For an example I’ll use a recent series of short stories, the Stox Box series, and how it evolved. But first a little background on your humble author. As one might conclude from wading through the turgid prose of my catalog on Gromet, the majority of stories deal with dominant males and submissive females in a (this is unexpected) dominant/submissive theme.
It is no great leap of deduction to conclude, hey, this guy is some kind of control freak. Indeed I am, of the worst sort (warning, we may be talking toxic masculinity here). Since those in the law enforcement profession take a dim view of assault, kidnapping, false imprisonment, brainwashing and other assorted traits of the psychopath, I am forced to take the pragmatic approach and vent my irrefutable misogynistic tendencies (see, toxic!) through the medium of fictional accounts of what would otherwise be the subject of salacious TV mini-series and reality crime shows. Okay, background in place. We’ll leave the debate over which mental hospital is best suited for my new writing desk for another time.
On to the stories and characters; it all began one evening, in a galaxy far, far away. There I was, firmly ensconced in my comfy chair, mind wandering, considering what completely different idea might work for a story. Thanks to divine intervention (from above or below, hard to say) a glimmer of a notion began to grow like a festering wound.
One of Gromet’s categories is Packaged, Encasement & Objectification.

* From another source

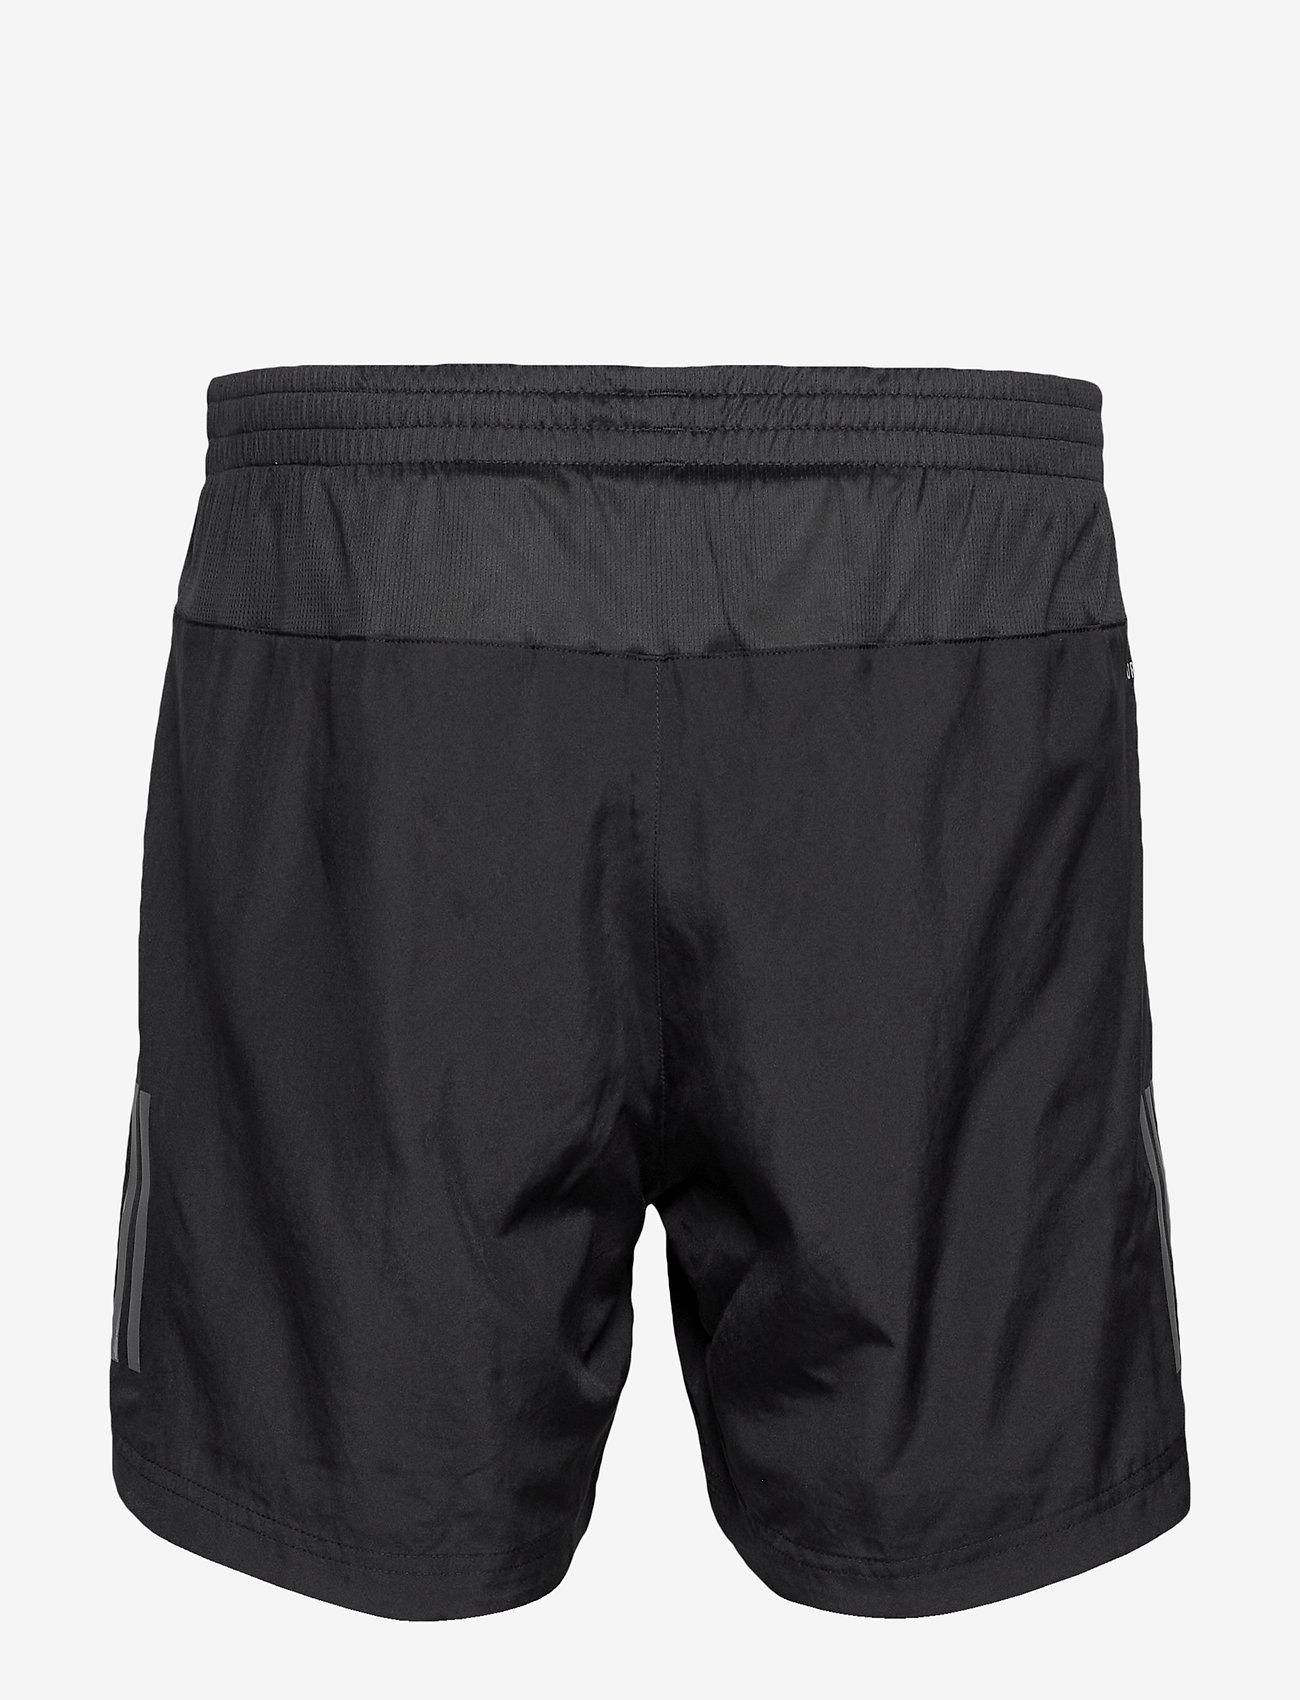 Adidas Performance Own The Run 2n1 - Shorts Black/sesosl

I’d never tried to create a story like that, so naturally I assumed I’m an expert at it. Encasement, hmm, a shipping crate. Not a UPS Christmas package, something in line with the crates used for jet engines or turbine shafts. Something big enough to wrap around an adult, along with whatever else is necessary for the story. Objectification, reduce the protagonist to the helpless, the ‘lump on a log’, bereft of any ability to interact, doomed to lie in state in that crate, the object being encased. And finally packaged, all gathered together in a nice, neat bundle, with the functional bits hidden away from the outside viewer. To the casual observer, it’s only another wooden crate, one among thousands, nothing to distinguish it from any other. Only the unfortunate inhabitant on the inside has any reason to care about what happens to just one more package.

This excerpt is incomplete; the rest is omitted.